Linux Performance: Almost Always Add Swap Space

We know that using Linux swap space instead of RAM (memory) can severely slow down performance. So, one might ask, since I have more than enough memory available, wouldn’t it be better to delete swap space? The answer is: No. There are performance benefits when swap space is enabled, even when you have more than enough RAM. Update: also see Part 2: Linux Performance: Almost Always Add Swap (ZRAM).

Even with more than adequate server memory installed, you will often find that swap space will be used after long periods of uptime. See the below example from a live chat server with around one month of uptime:

              total        used        free      shared  buff/cache   available
Mem:           3.7G        1.0G        445M         84M        2.2G        2.2G
Swap:          1.8G        308M        1.5G

The output of free -h here shows 308M of swap space used. When I ran checks for swapping, there were no signs of ongoing or untimely swap I/O activity. Also, the kswap service didn’t consume much CPU time. In fact, the kswap process was nowhere to be found in top (top processes sorted by CPU time). To confirm, I used the following command:

ps -A | grep kswap
 40 ? 00:00:29 kswapd0

…so in this case, as in many, swap usage is not hurting Linux server performance. Now, let’s look at how swap space can actually help Linux server performance.
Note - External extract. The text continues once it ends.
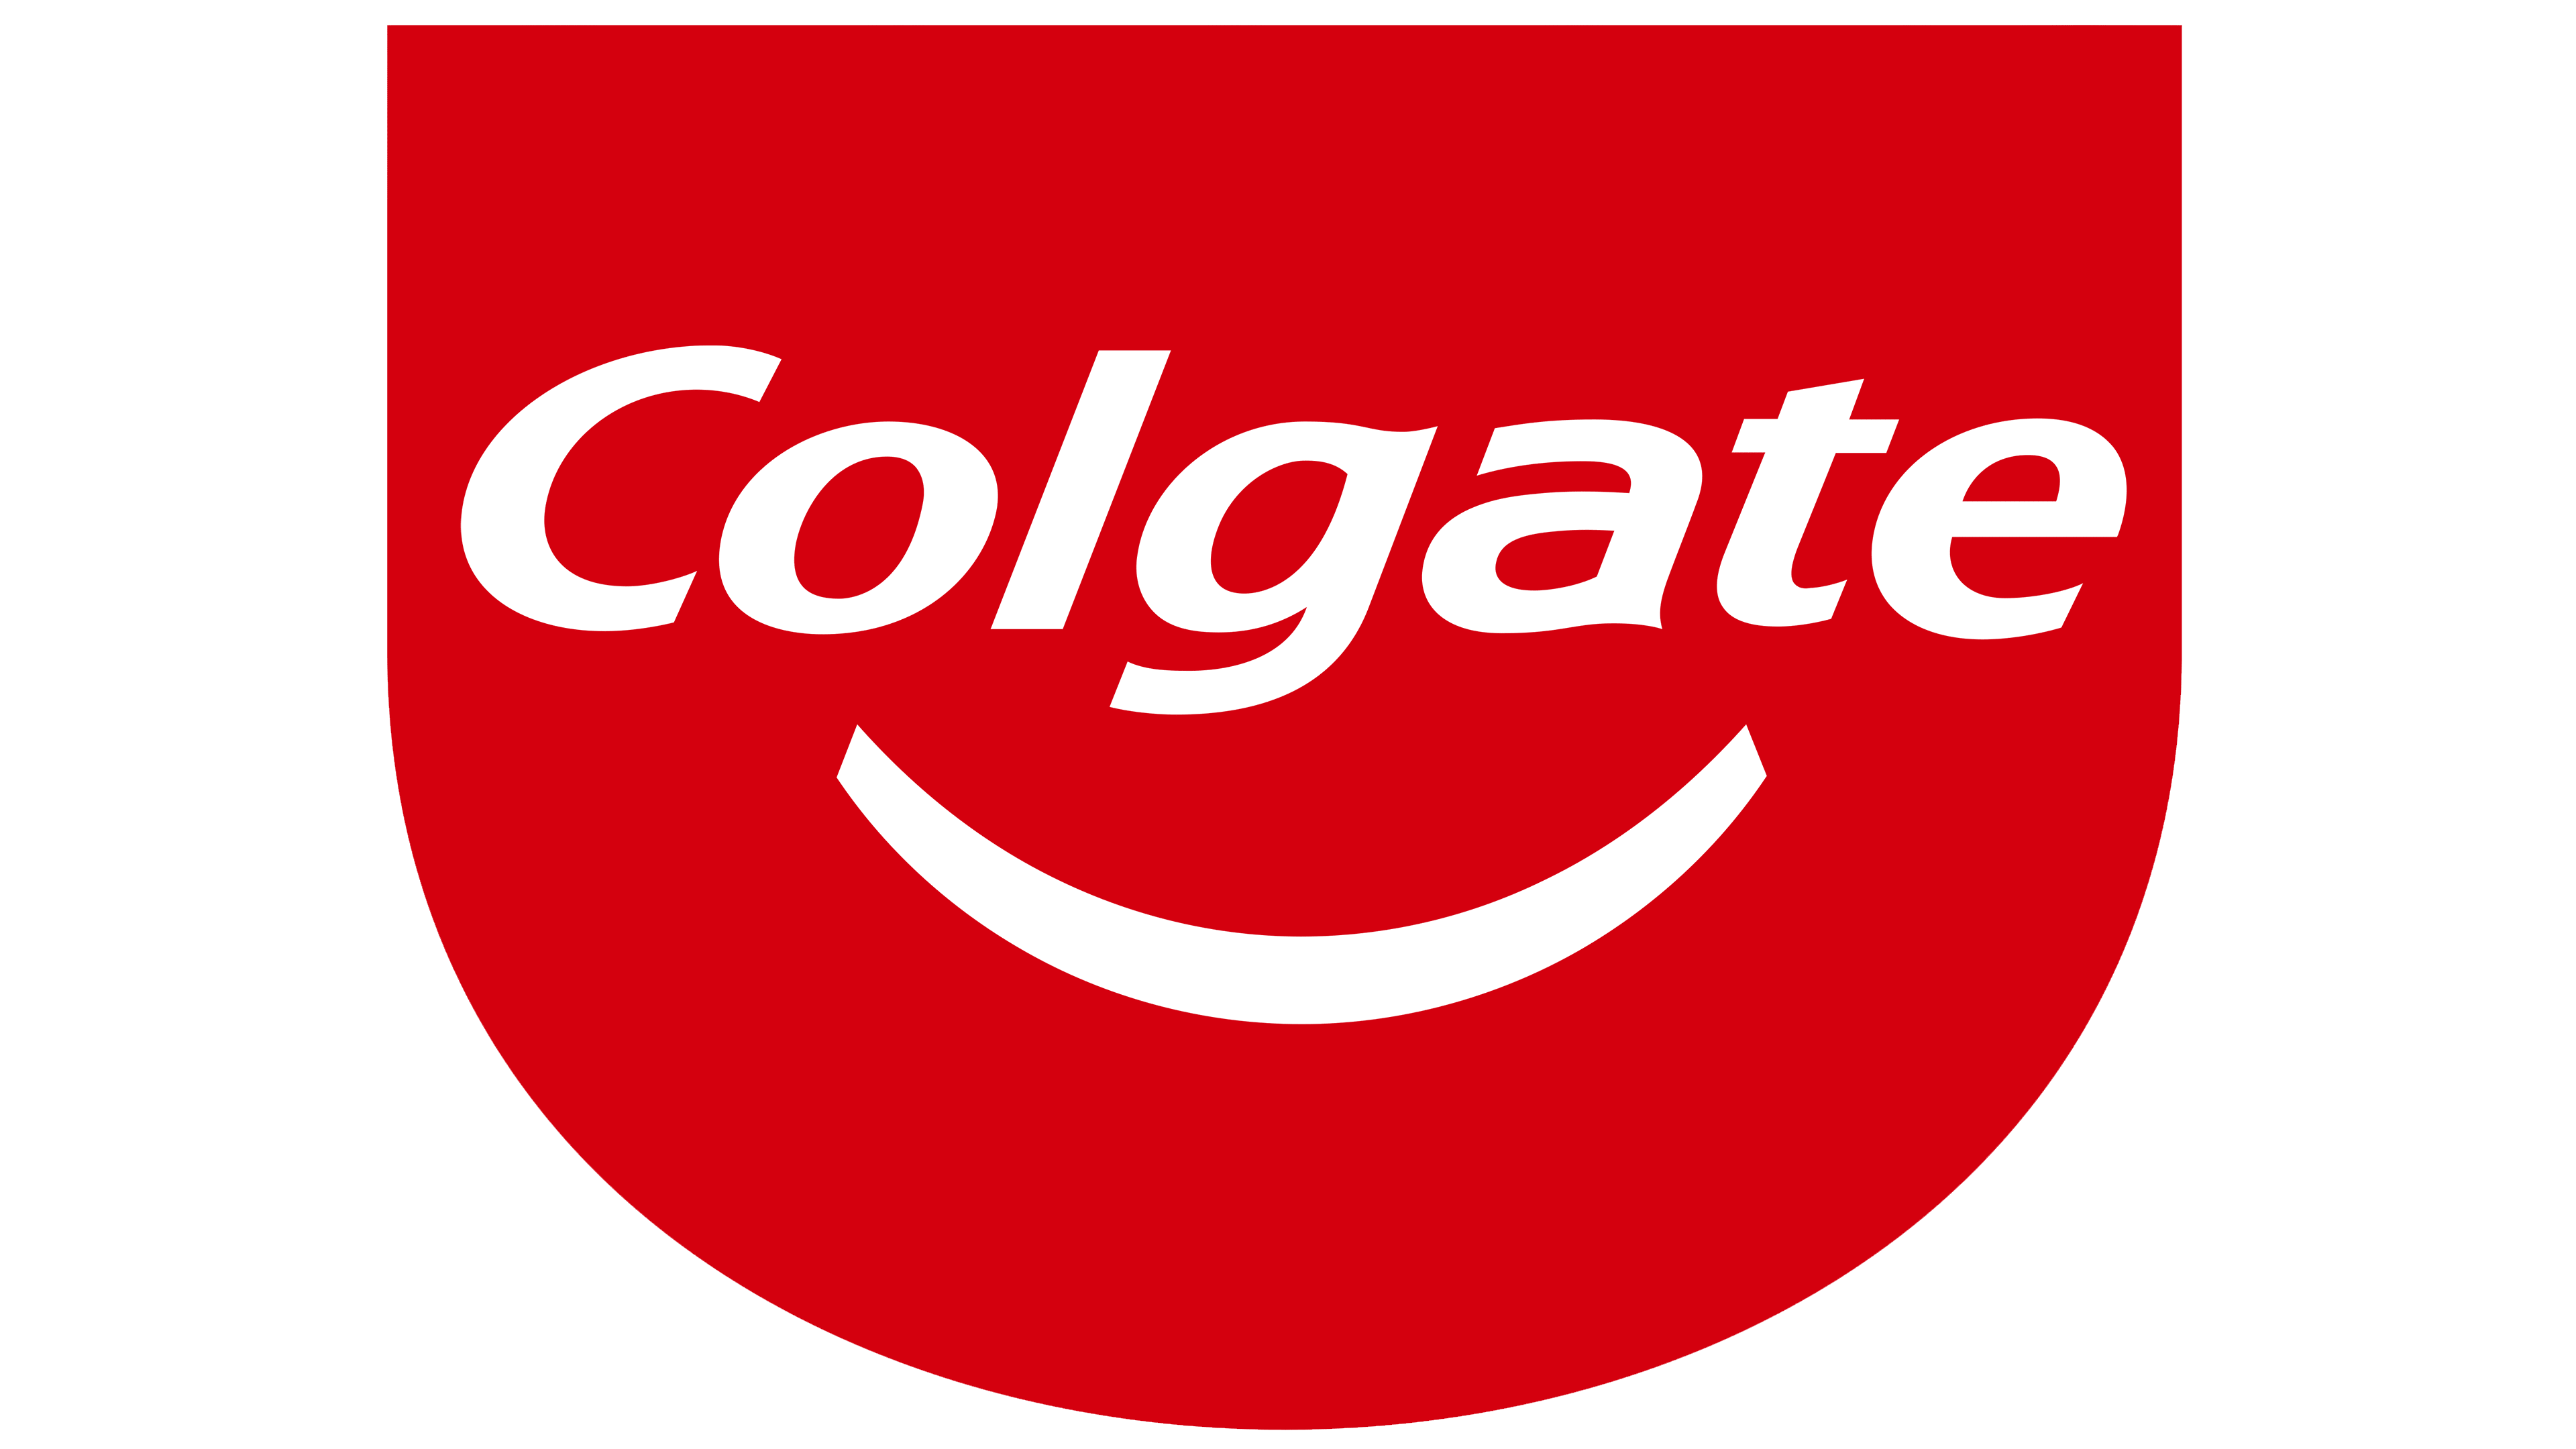 Colgate logo Télécharger limage PNG Transparente

Update: Recently, I installed Manjoro i3 on my Pinebook Pro. It now comes with ZRAM enabled by default.

 

Advantages of swap space on systems with adequate RAM

atop 512GB server - 2GB swap used

It is normal and can be a good thing for Linux systems to use some swap, even if there is still available RAM. The Linux Kernel will move memory pages that are hardly ever used into swap space to ensure that even more cachable space is made available in-memory for more frequently used memory pages (a page is a piece of memory). Swap usage becomes a performance problem when the Kernel is pressured to continuously move memory pages in and out of memory and swap space.
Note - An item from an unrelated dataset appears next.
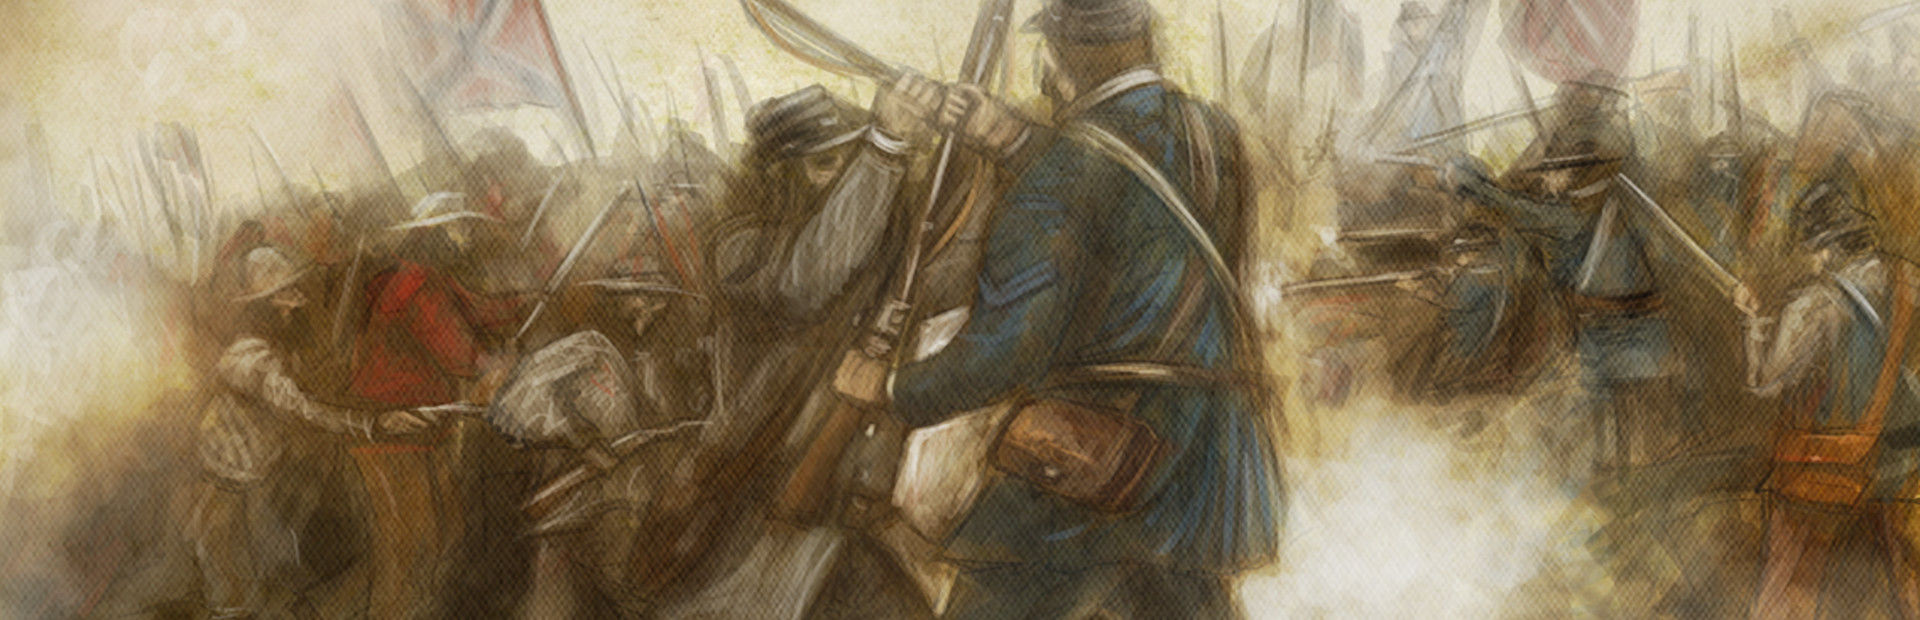 Civil War: Bull Run 1861 cover image

Another advantage is that swap gives admins time to react to low memory issues. We will often notice the server acting slowly and, upon login, will notice heavy swapping. Without swap (as described in the next section), running out of memory can create much more sudden and severe chain reactions. So, usually, I would advise setting swap space to about the size of your largest process. For example, MySQL’s configured memory in my.cnf. It can even be smaller, especially if you have monitoring and/or alerting in place.
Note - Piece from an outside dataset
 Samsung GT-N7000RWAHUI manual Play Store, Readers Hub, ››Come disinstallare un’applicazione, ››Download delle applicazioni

Some recommend no swap or swap size slightly larger than the total RAM. If you can come up with valid reasons for this, then that may be your choice. However, this is hardly the case on servers, and you should instead balance your decision with the effects swap will have on your specific applications. Swap does not change the amount of RAM required for a healthy server, or desktop for that matter. It’s designed to be complementary to the performance of healthy systems.

To summarize:
— Even if there is still available RAM, the Linux Kernel will move memory pages that are hardly ever used into swap space.
— It’s better to swap out memory pages that have been inactive for a while, keeping often-used data in cache, and this should happen when the server is most idle, which is the aim of the Kernel.
— Avoid setting your swap space too large if it will result in prolonging performance issues, outages, or your response time (without proper monitoring/alerts).

 

Swap Space vs. No Swap when available memory is low

Unlike the case above, if you don’t have enough memory, swap will be used quite often and noticeably more during any memory requirement spikes. If you don’t have enough memory and no swap space, this will often cause failure to allocate memory for requests needing more memory pages. As a last resort, the Kernel will deploy OOM killer to nuke high-memory processes (usually MySQL, java, etc.).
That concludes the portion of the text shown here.